À court terme, il n'y a pas lieu de paniquer. Rio Tinto ne partira pas tant qu'elle sera propriétaire de ses propres installations hydroélectriques. À elles seules, ses centrales génèrent, bon an mal an, 90% des besoins de l'entreprise au Québec.

Par contre, pour que le Saguenay-Lac-Saint-Jean demeure un joueur de premier plan dans l'industrie, la compagnie devra continuer de s'épanouir et, par conséquent, elle devra compter sur de nouveaux blocs d'Hydro-Québec.

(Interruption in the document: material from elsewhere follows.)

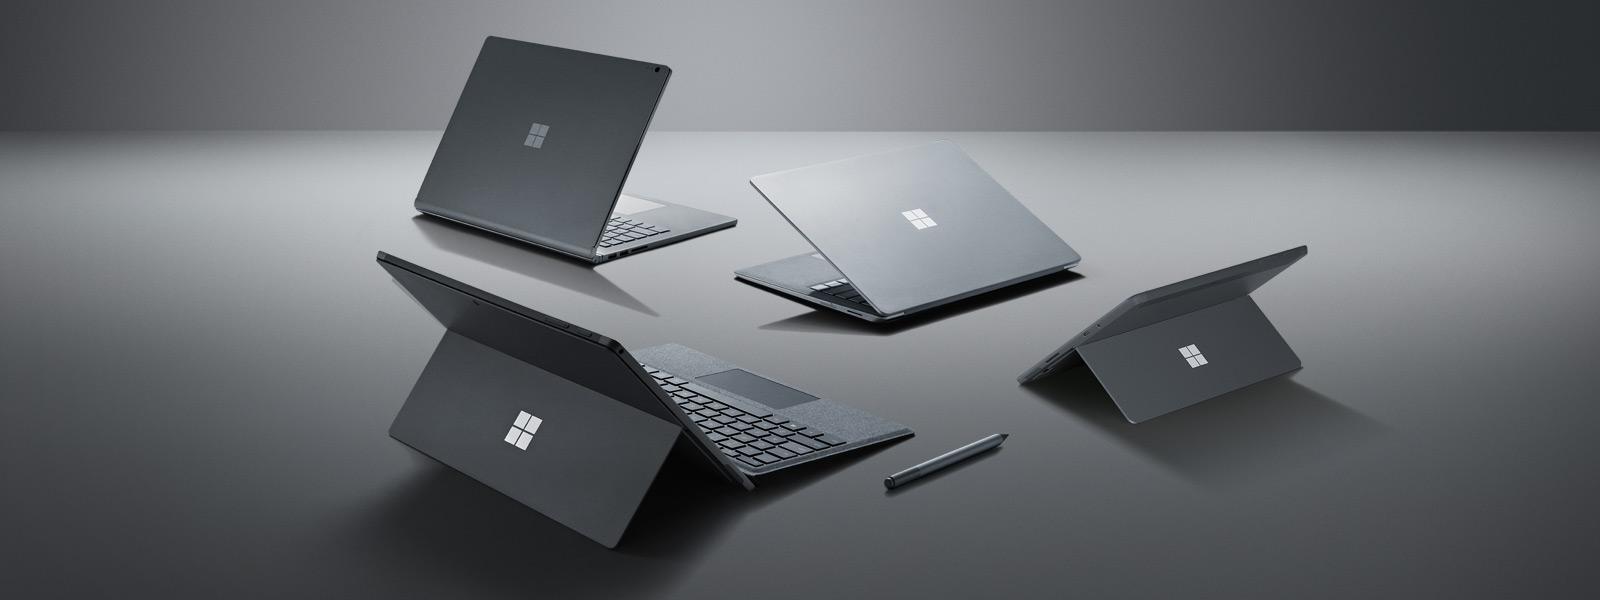 Surface Laptop 2, Surface Pro 6, Surface Go

La véritable matière première de l'aluminium n'est ni la bauxite, ni la soude, ni la chaux. Avant tout autre élément, le procédé d'électrolyse nécessite de l'énergie, et ce, en quantité gigantesque. Or, le Québec dispose de surplus d'hydroélectricité et il a été convenu qu'une importante partie de ce potentiel serve, notamment, à la production d'aluminium.

Certes, les trois grands producteurs québécois profitent abondamment des avantages qui leur sont alloués, soit sous la forme de blocs énergétiques à prix concurrentiels, soit par des droits d'exploitation hydrauliques. Ces compagnies ne s'en cachent pas, et c'est pourquoi elles maintiennent leurs opérations au Québec alors que partout ailleurs sur le continent, les fermetures d'alumineries se multiplient.

En renouvelant des ententes hydroélectriques avec les différents producteurs d'aluminium, le gouvernement du Québec a usé de son principal levier de développement pour assurer la pérennité des usines et favoriser d'éventuelles expansions.

Était-ce une bonne décision, dans la mesure où le marché mondial est extrêmement compétitif? Certainement. Toutefois, cela ne veut pas dire qu'on ne peut exiger davantage.

En 2002, les sociétés Alcan et Aluminerie Alouette se sont engagées à créer plus d'un millier d'emplois dans le domaine de la transformation de l'aluminium, sur une période de dix ans, afin d'obtenir un bloc d'énergie de 500 MW destinés à l'expansion de l'usine de Sept-Îles. À l'époque, les deux entités avaient uni leurs forces - Rio Tinto détient toujours 40% des parts d'Aluminerie Alouette - pour coiffer leur rivale Alcoa, dans le cadre d'une course aux mégawatts lancée par le gouvernement de Bernard Landry. Le premier ministre avait alors affirmé qu'il n'accorderait plus d'électricité pour la production d'aluminium primaire sans l'implantation d'usines de deuxième et de troisième transformation. «Si on avait fait ça depuis 50 ans, le taux de chômage au Québec ne serait pas ce qu'il est. On aurait presque le plein emploi», avait déclaré Bernard Landry.

Le gouvernement Couillard devra, tôt ou tard, négocier l'octroi de nouveaux blocs d'énergie avec les producteurs d'aluminium présent au Québec. Encore une fois, la critique sera féroce malgré la promesse d'investissements des compagnies. Si les avantages accordés sont conditionnels à la création de PME et à celle de milliers d'emplois, plus personne ne pourra affirmer que les Québécois se sont fait passer un sapin.